The main problem of osteoporosis is that osteoporotic patients remain asymptomatic until a fracture occurs. Moreover, osteoporotic vertebral fractures remain clinically silent with only 15–30% coming to clinical attention [11]. Thus, the primary aim in osteoporosis care is to identify people at high risk of fractures in order to initiate medical treatment before the first fracture occurs. To date, the standard screening method includes assessing clinical risk factors and measuring areal bone mineral density (aBMD) using dual-energy X-ray absorptiometry (DXA) [1]. However, there are two major concerns with this approach. First, less than half of women (44%) and even fewer men (21%) with osteoporotic fractures exhibited low aBMD in a large observational study [12], emphasizing the inherent inaccuracies of DXA [13]. Second, there is significant variability in the access to DXA services and many fall short of international quality standards [14]. Yet, other methods of bone densitometry exhibit even more disadvantages: quantitative computed tomography (QCT) has limited availability, is more expensive, and is associated with a substantially higher radiation dose (> 100-fold) [15]. Thus, an alternative method for osteoporosis screening that would be readily available and exhibits a higher accuracy than DXA in predicting major osteoporotic fractures is highly warranted.

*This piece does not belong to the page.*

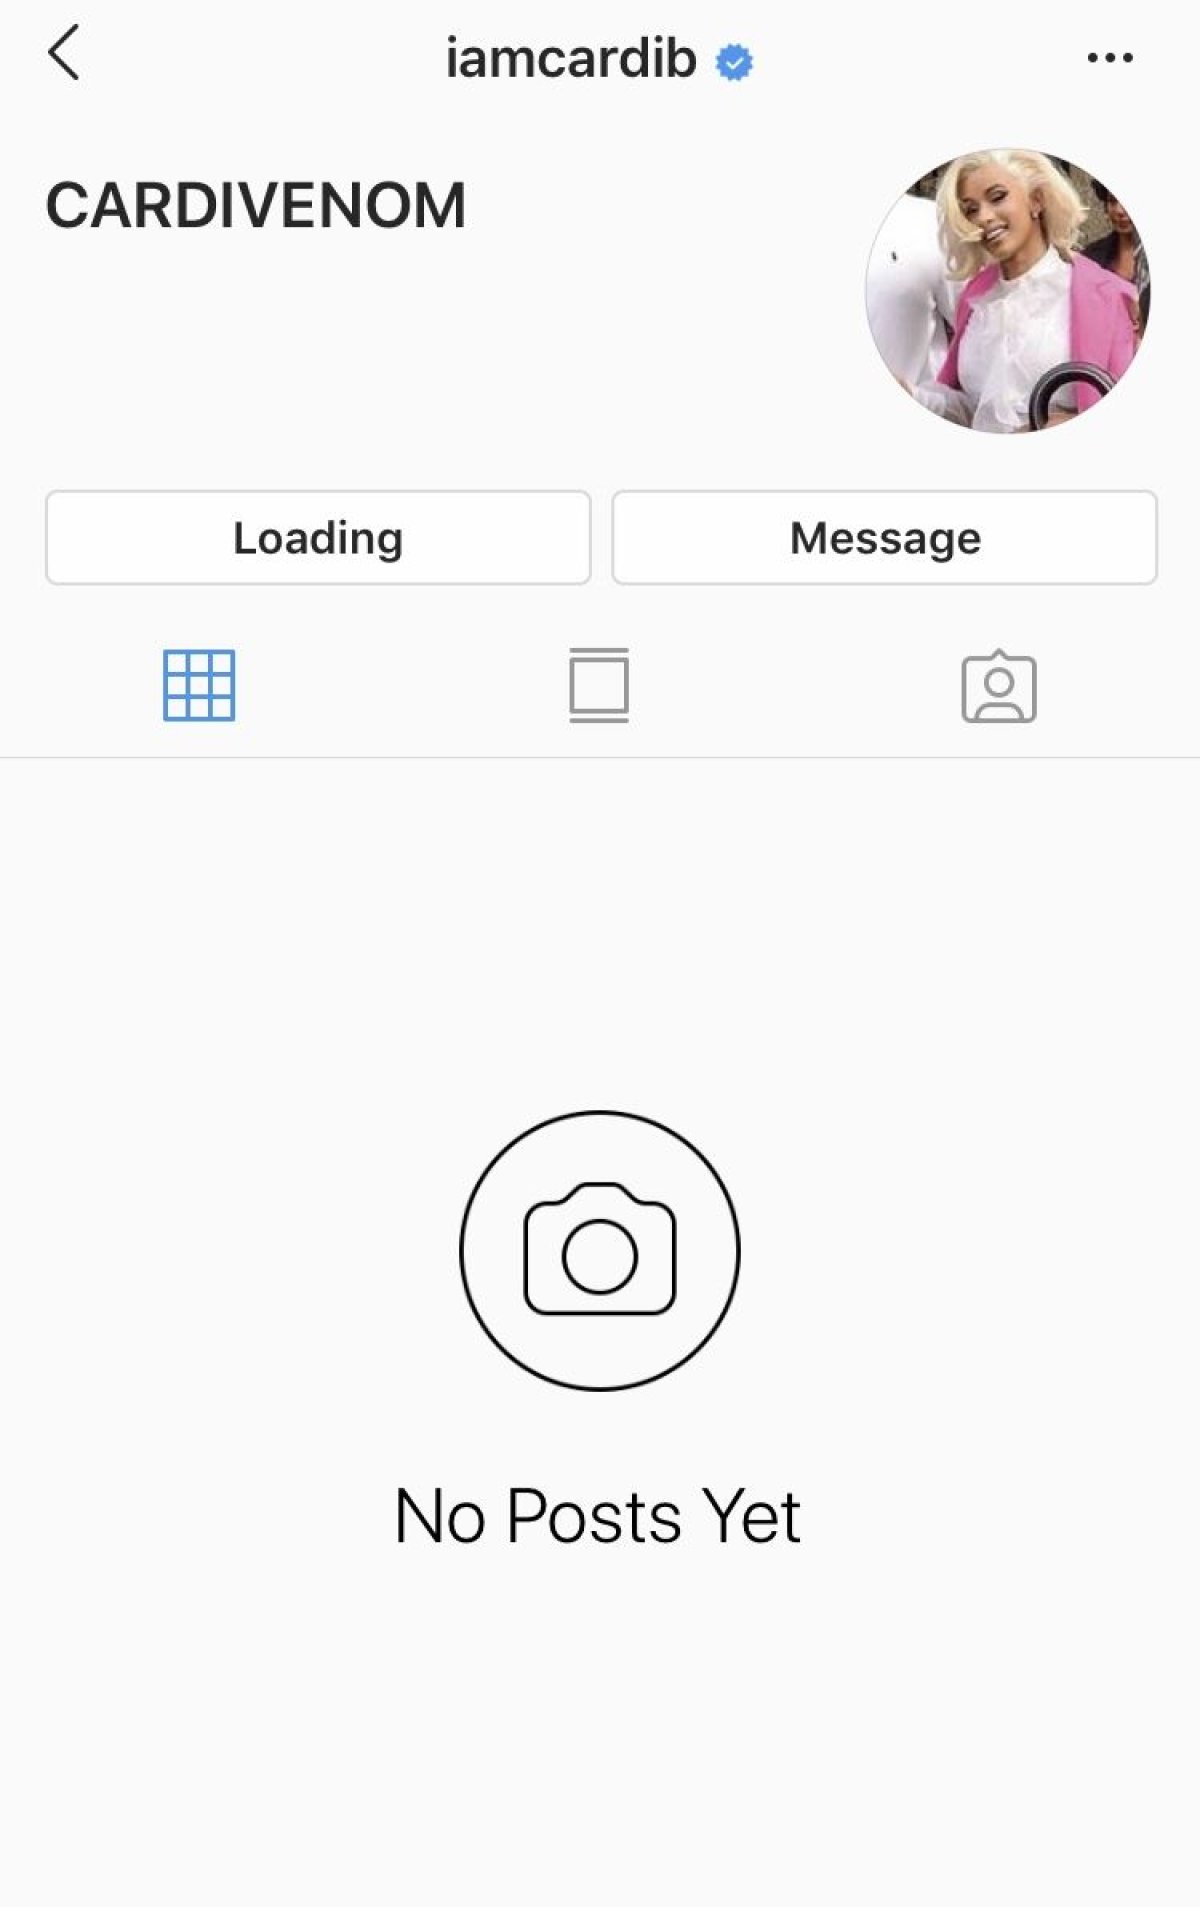 Cardi B Quits Instagram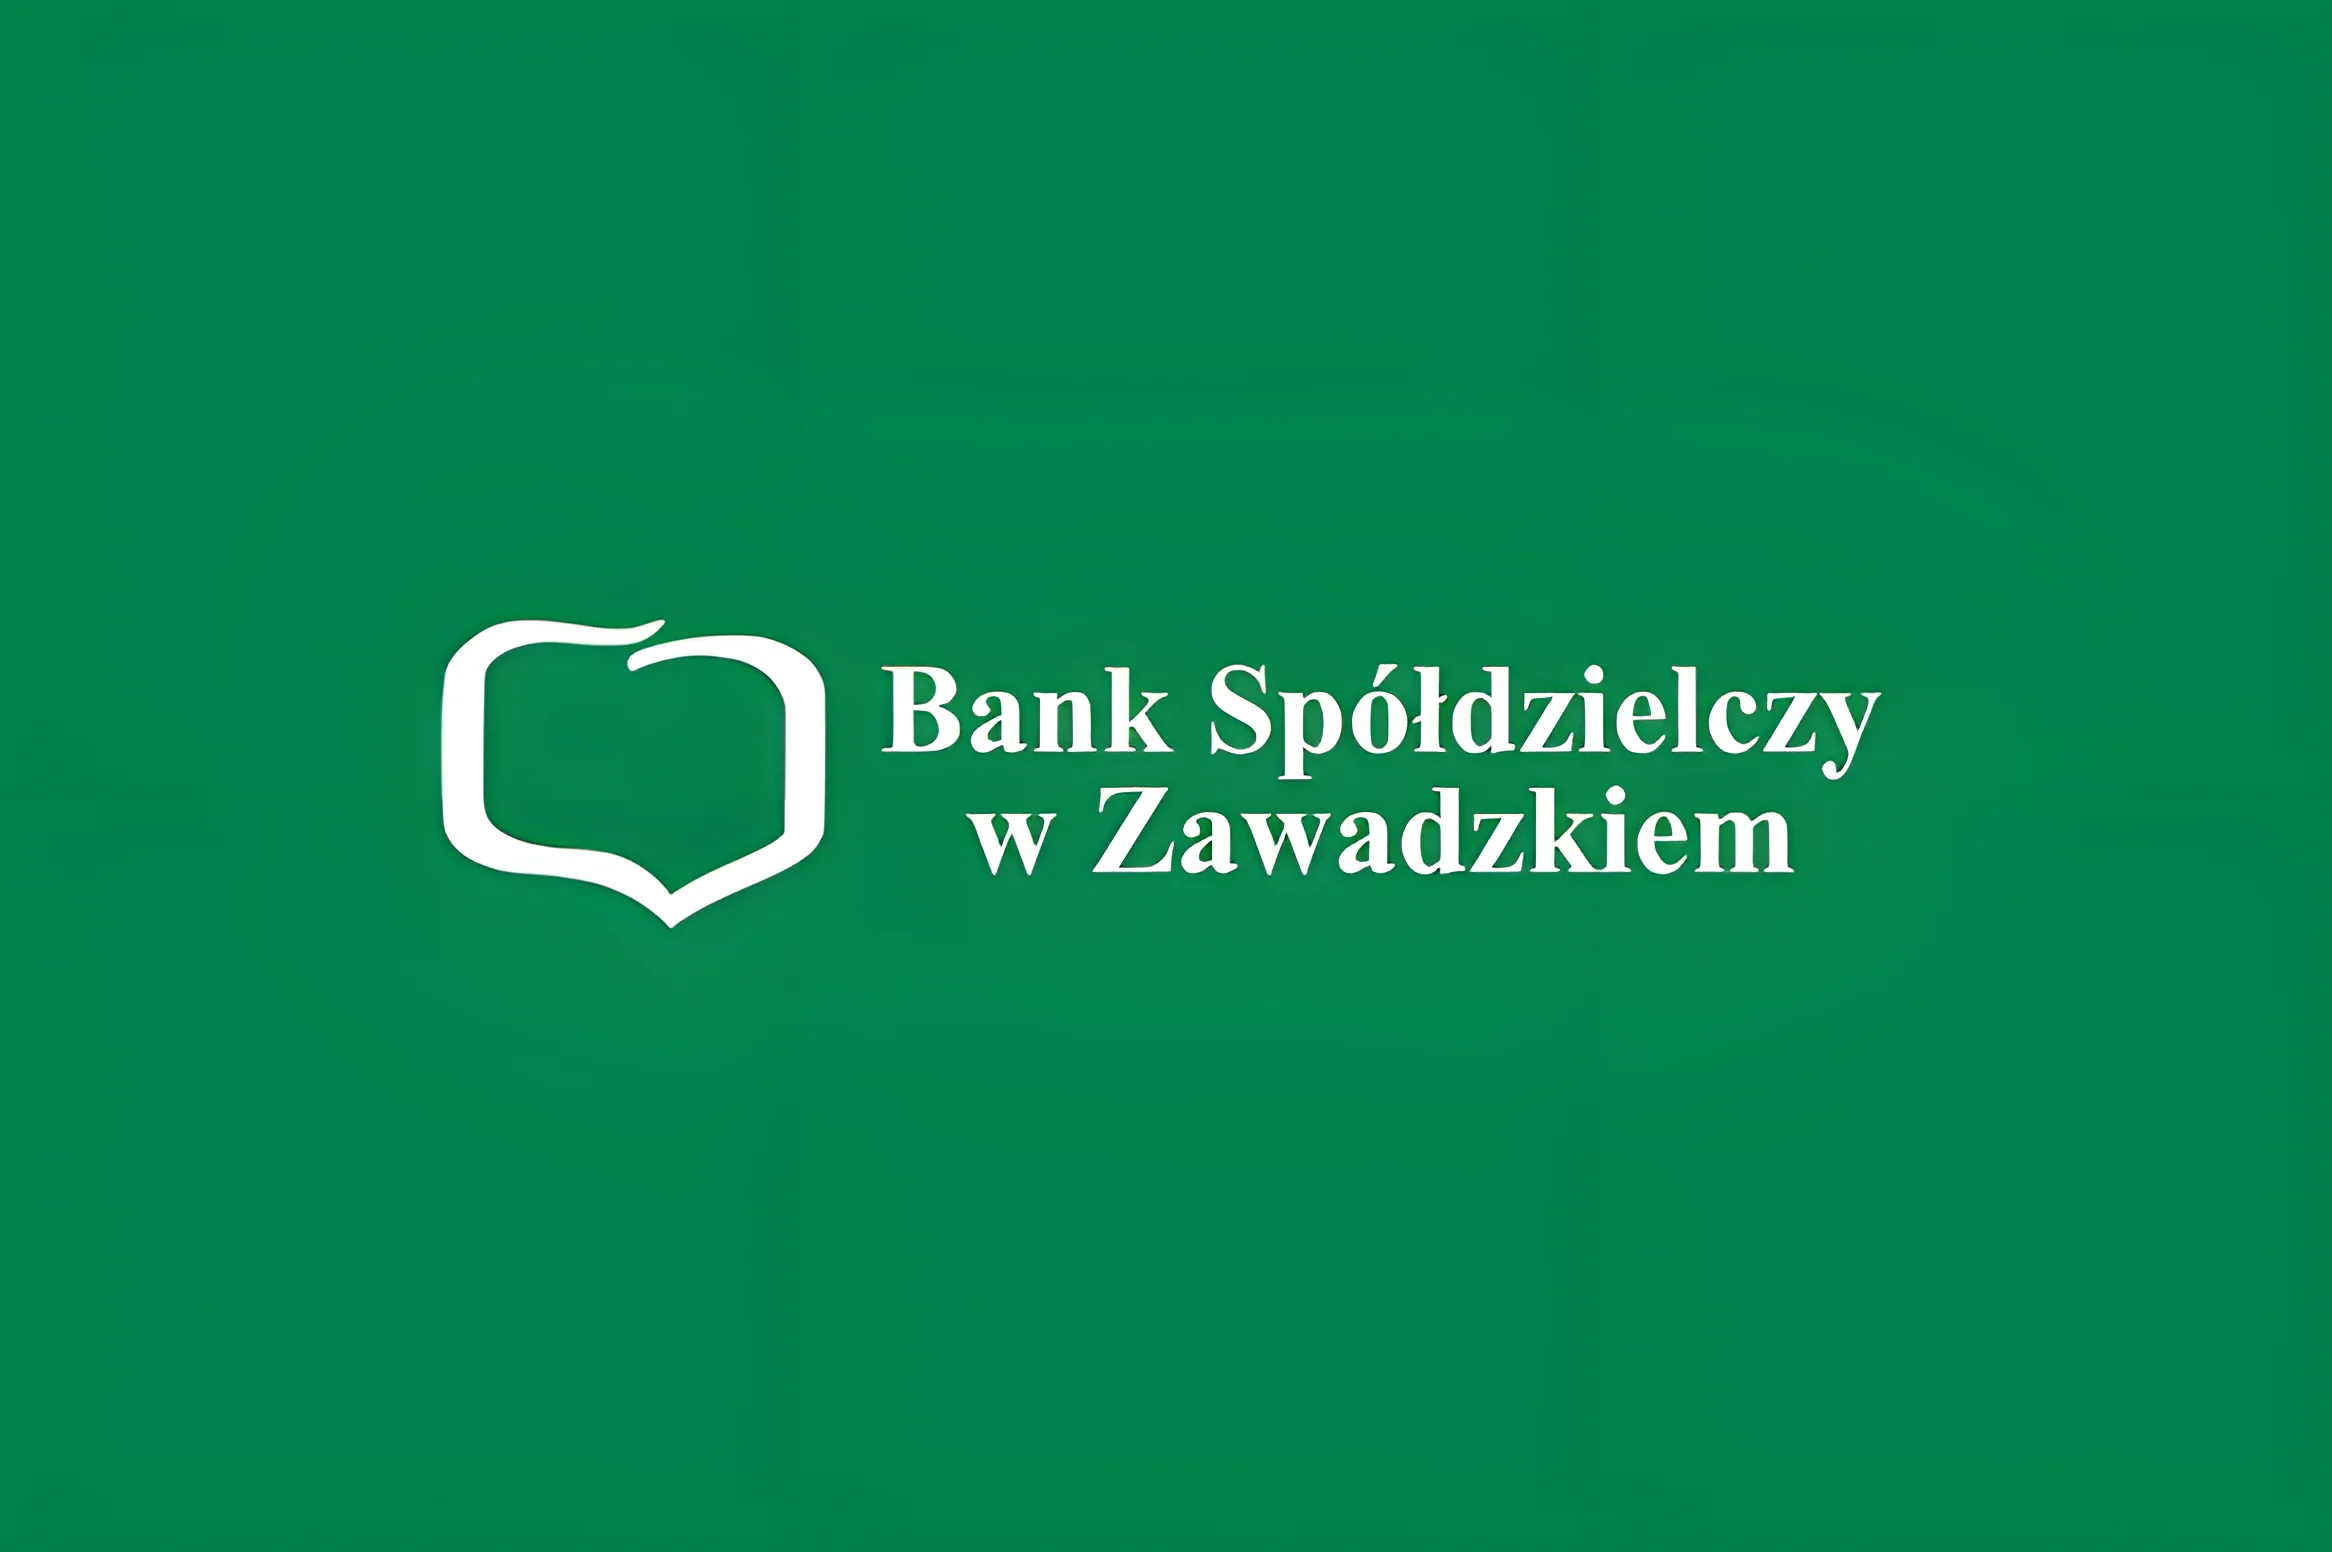 Władze Banku Spółdzielczego w Zawadzkiem

With the advent of sufficient computational power “deep learning”, an approach to machine learning using layers of convolutional neural networks (CNNs), has lately become popular. Specifically, CNNs can increase efficiency and accuracy in segmentation tasks. We recently introduced a framework for fully automatic segmentation of vertebrae in any CT dataset within several seconds [16, 17]. This was a cornerstone for the implementation of an opportunistic screening tool that can extract spinal bone measures from any CT data in a fully automatic fashion. Opportunistic quantitative evaluation of preexisting clinical routing CT entails neither additional costs nor radiation exposure [15]. Building on this groundwork, we now aim to proof the concept of opportunistic osteoporosis screening using our fully automated framework (https://anduin.bonescreen.de) to assess various bone measures in clinical CT and to investigate their predictive value for vertebral fracture assessment.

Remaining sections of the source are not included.